Meyfroidt […] Kuemmerle […] (2024). Explaining the emergence of land-use frontiers. R Soc Open Sci, 11, 240295.
In addition, the project has engaged in activities to link Land System Science and Conservation Science, with symposia and contributions at the European Conference of Conservation Biology 2022 in Prague and 2024 in Bologna, as well as several symposia that will take place at the Open Science Meeting of the Global Land Programme in Oaxaca later in 2024.
SystemShift seeks to progress beyond the state-of-the-art in at least six ways:
• Developing a novel land systems typology to structure complexity and to shift to an actor-centered land-use representation in conservation planning. This will enable for an intermediate level of complexity in conservation assessments and bring together the strengths of top-down and bottom-up approaches in conservation planning.
• Developing the innovative concept of portfolios of threats to biodiversity, including novel indicators to map biodiversity threats. This will move beyond the prevailing gap in spatial threat indicators and link threats to actors.

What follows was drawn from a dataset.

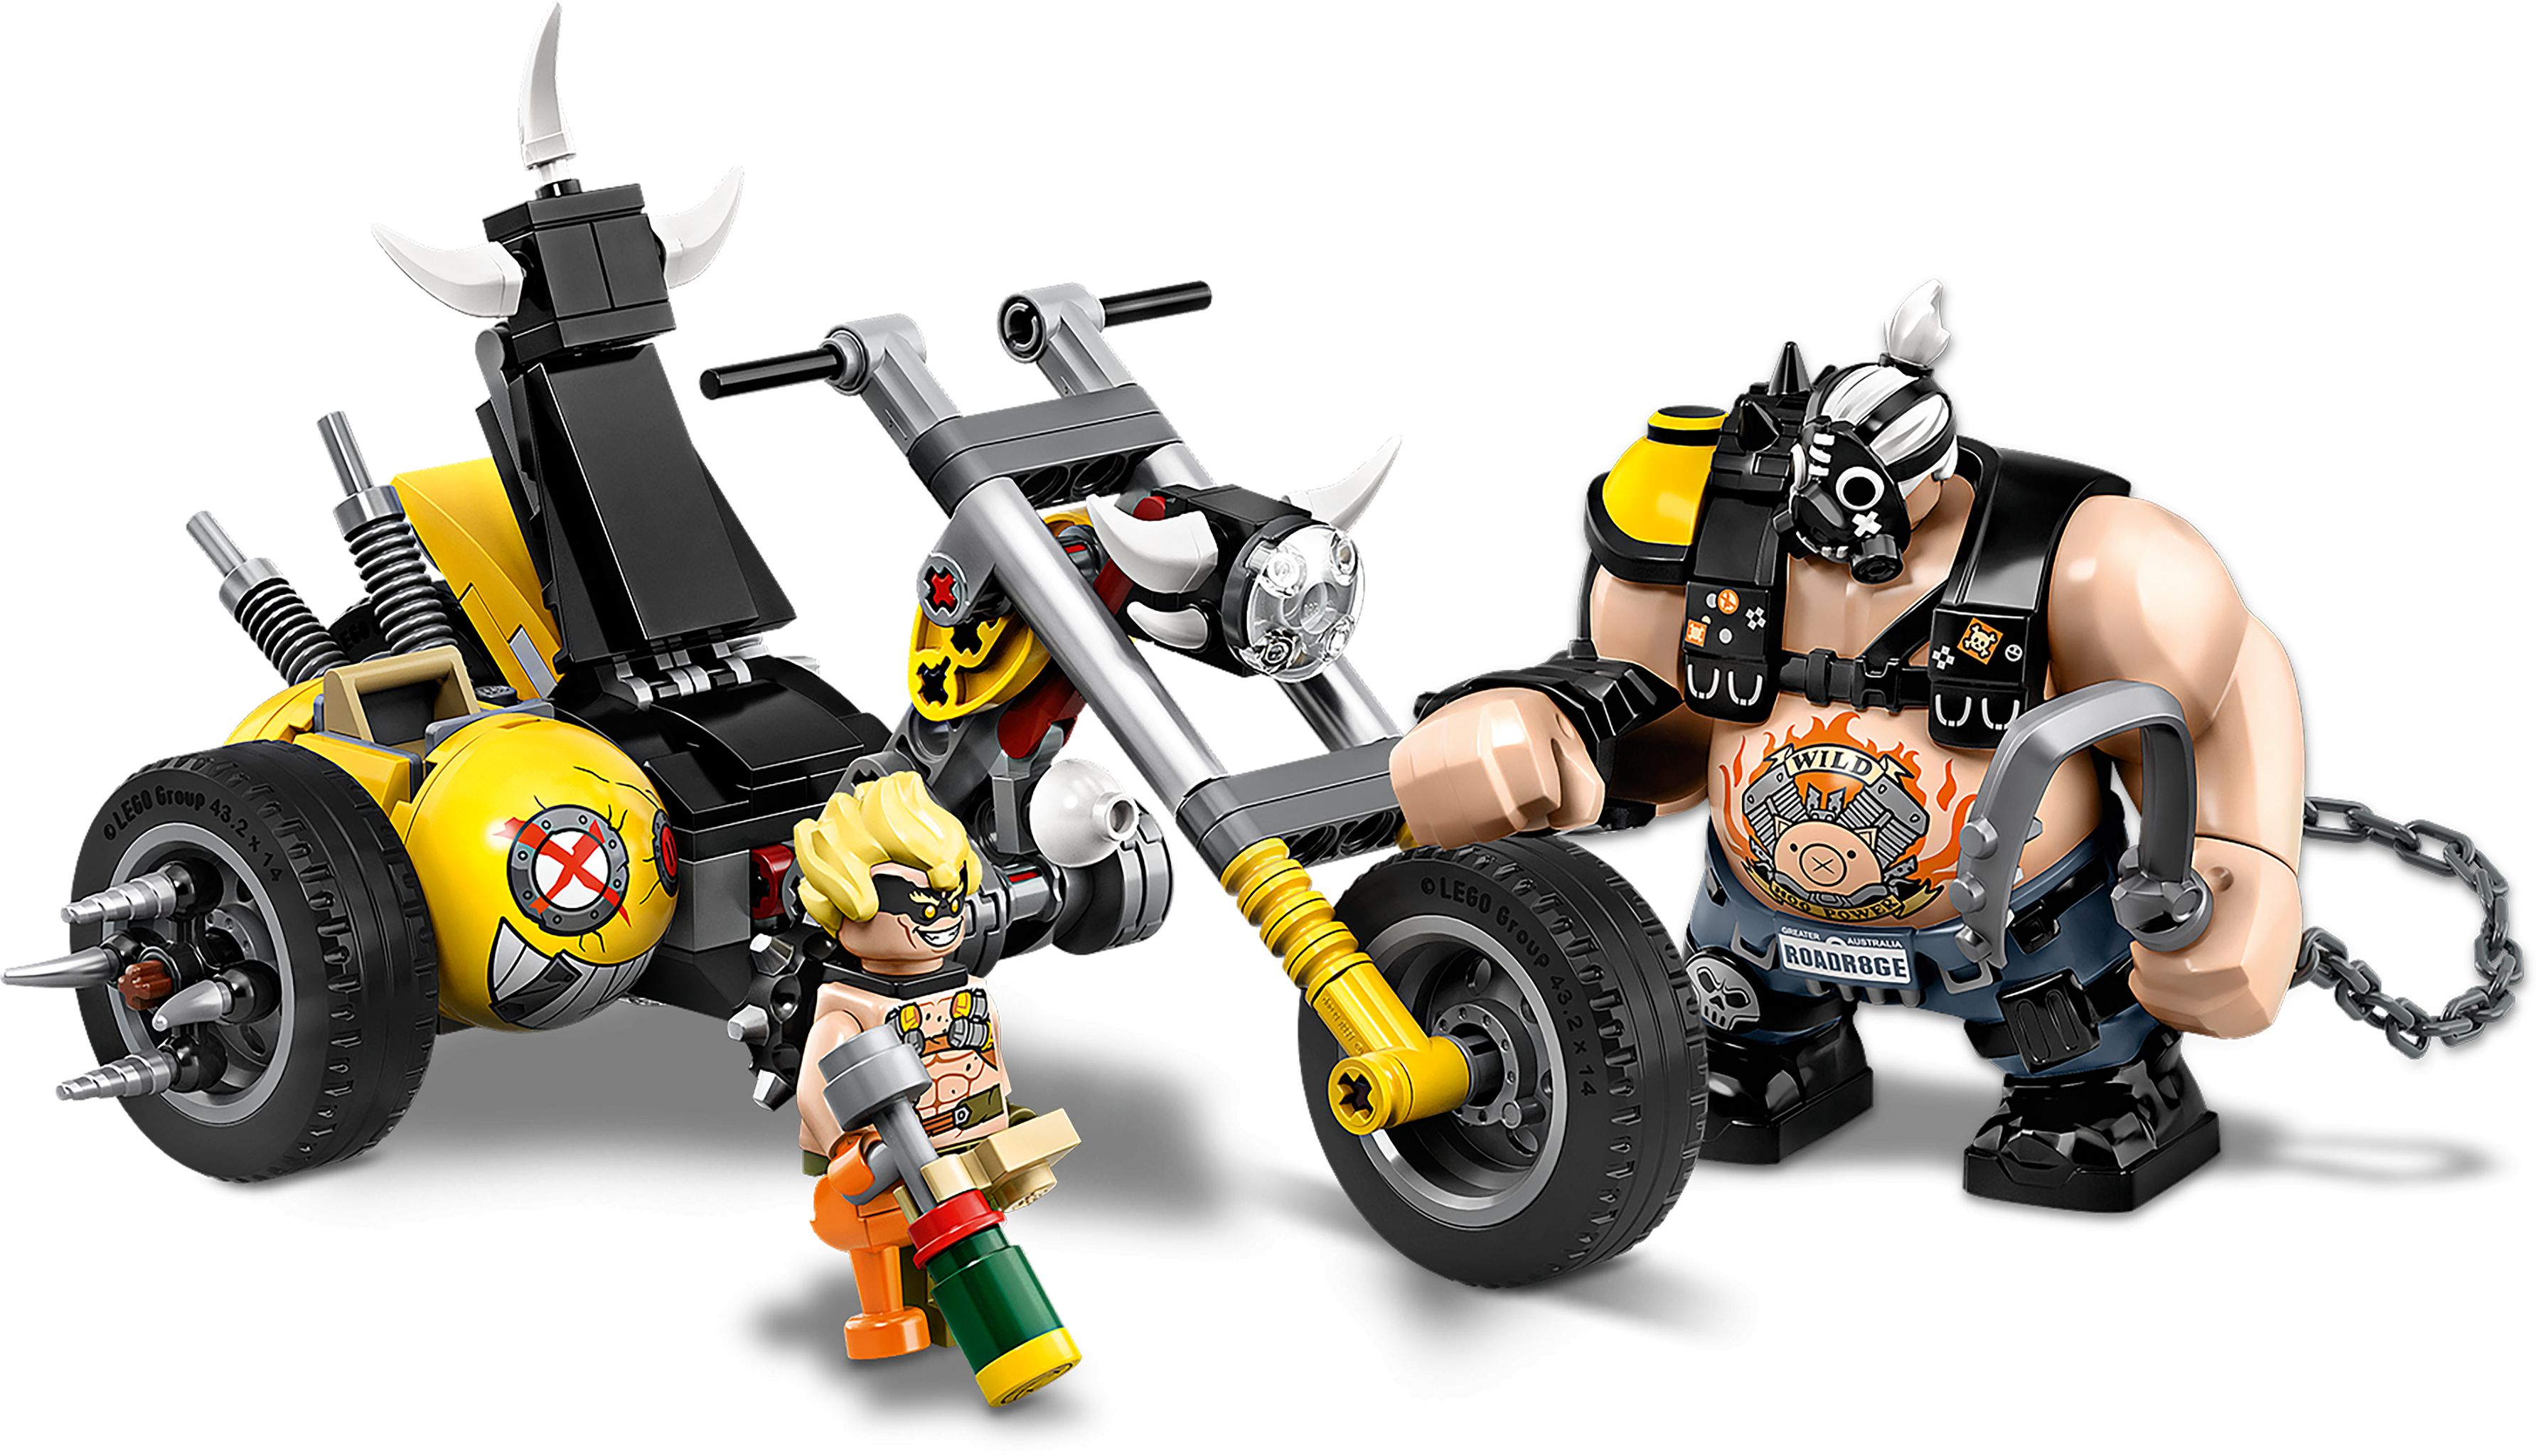 LEGO Overwatch 75977 Junkertown Bike LEGO_75977_alt2.jpg

• Developing the novel concept of threat syndromes to track threats dynamically in space and time in order to address and consider these dynamics in conservation assessments.

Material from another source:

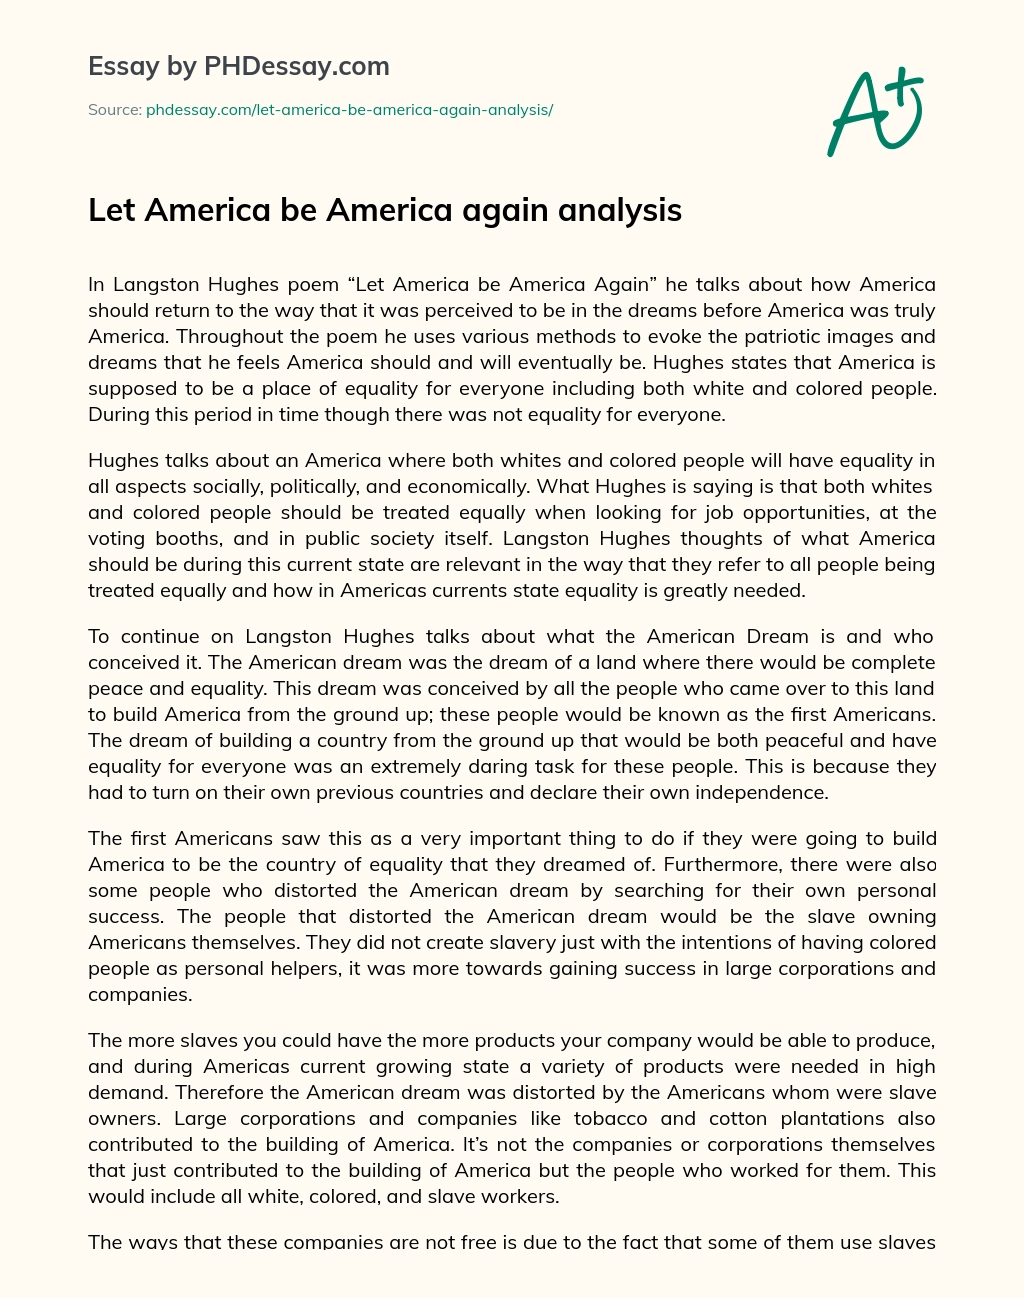 Let America be America again analysis essay

• Explaining relationships between land-use actors and threats in order to detect and analyse feedbacks of conservation action on land-use actors, which will provide a basis for better evaluating what characterizes just conservation and increase conservation effectiveness.
• Developing new approaches, based on land systems, to include land-use actors and dynamic threats in conservation planning that will help to better prioritise conservation actions.
• Considerably increase our understanding of land-use change and the conservation challenges and opportunities these changes entail for the world’s tropical dry forests.